The dark days of winter come and go and she finds, miraculously, that she’s unbroken.
Fragmented perhaps. Splintered definitely. But still so relatively intact that it makes her happy.
Like waking from a bad dream and realizing her real life is still there, waiting to be led zigzag on a leash, like a suckling, milky-eyed puppy.
“Let’s get you outside,” she says, rising.
Stretching her limbs and feeling in them life.
Which is how she finds herself in a sunny park downtown, with her gorgeous son and her perhaps recovering drug-addled ex.

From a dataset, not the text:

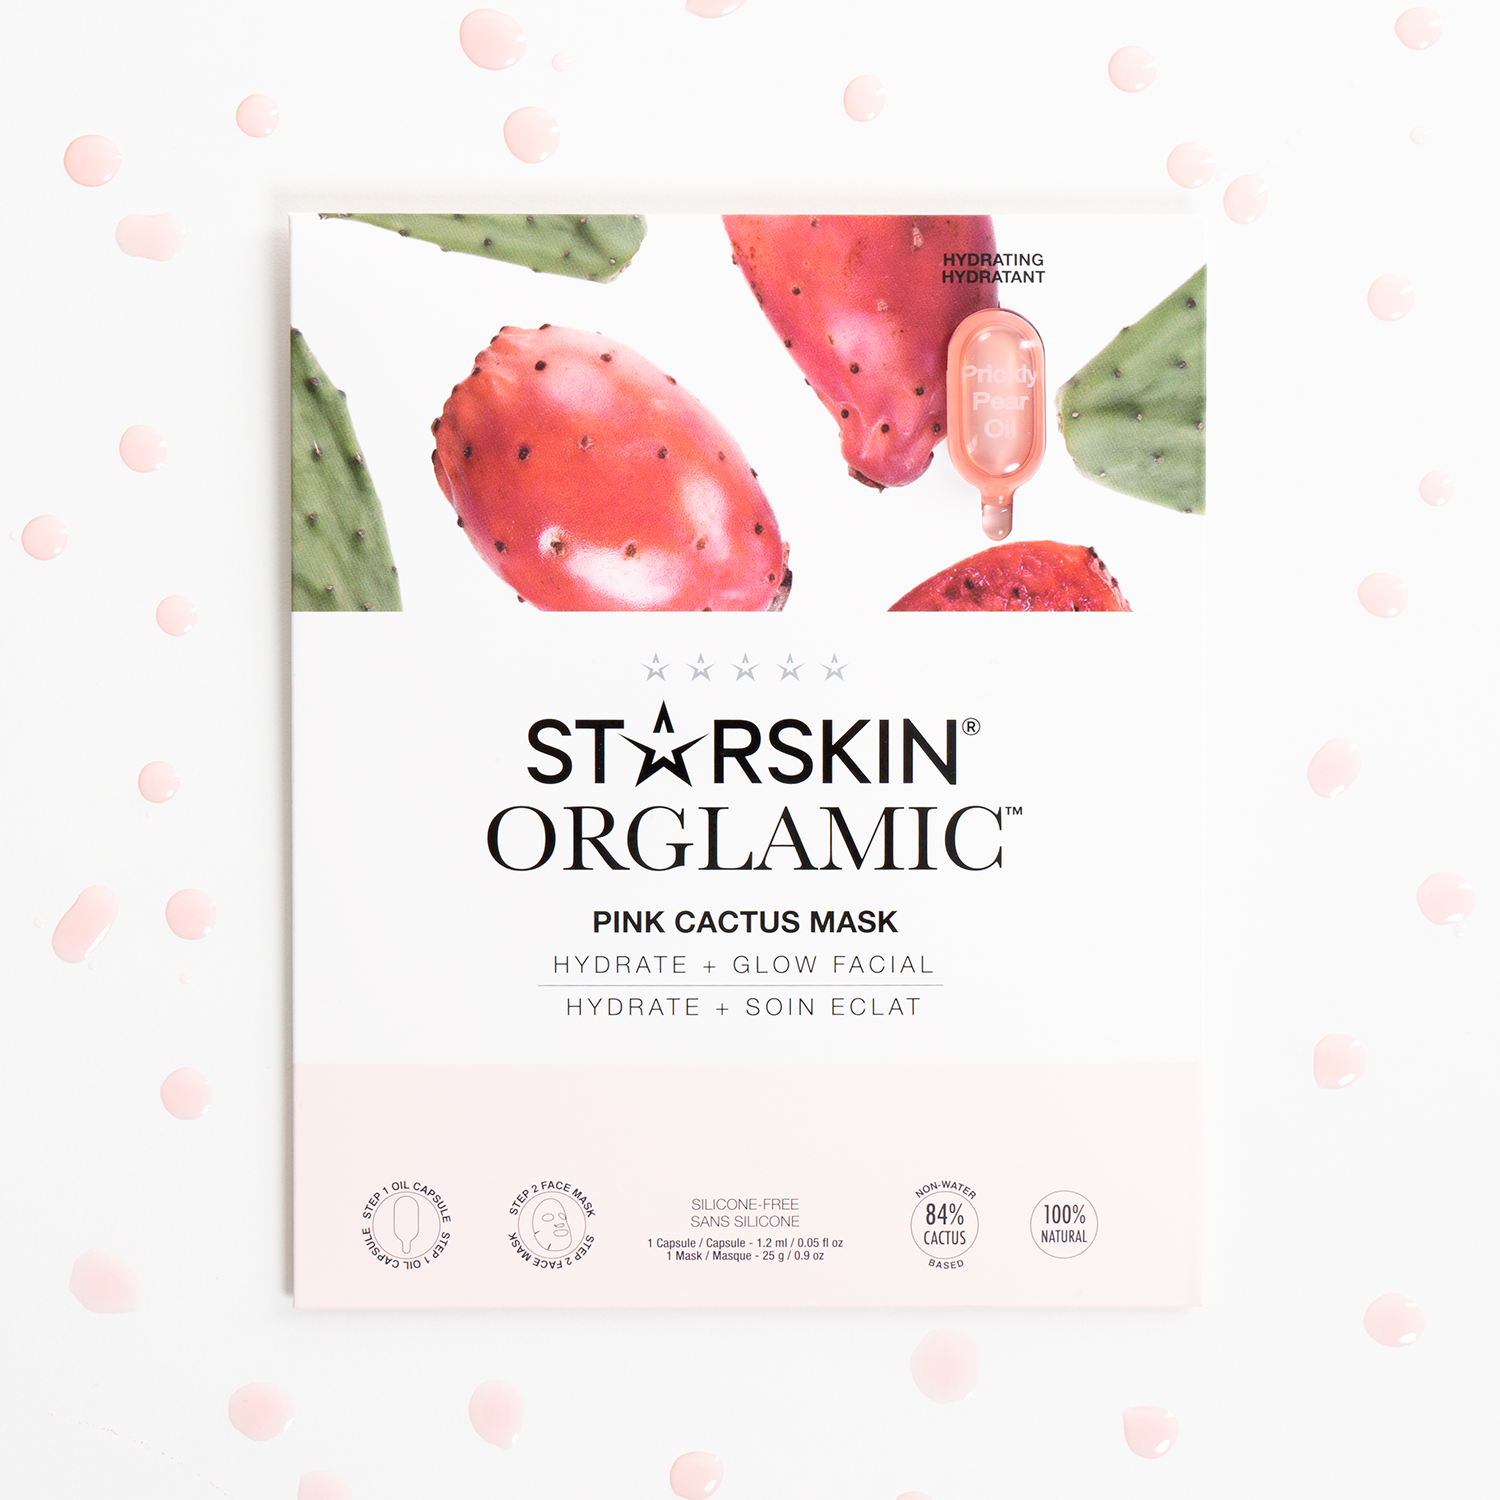 The Pink Cactus Oil Mask product packaging in the middle on a white background. Around the product are drops of the prickly pear oil.

He’s tortured and trying, but not her responsibility.
Today or ever.
Fact is, it’s shocking anymore, how little investment she makes in anything save beauty and risk.
Even to where she wonders how her lessons were once unlearned.
The lightest breeze lifts her hair, blows her skirt against her legs.
She lets it.
Before walking the kite down a long grassy corridor, her son and old friend unwinding its lead and heading the opposite direction.
“Delilah, now!” they scream, and she slowly pivots and lifts the wide silk triangle high above her head, standing on tiptoes even, before feeling the pull of letting go.
The kite lifts, dips and dances in the current, elevates further.
The joyful boys in the distance triumphant in directing its path of freedom.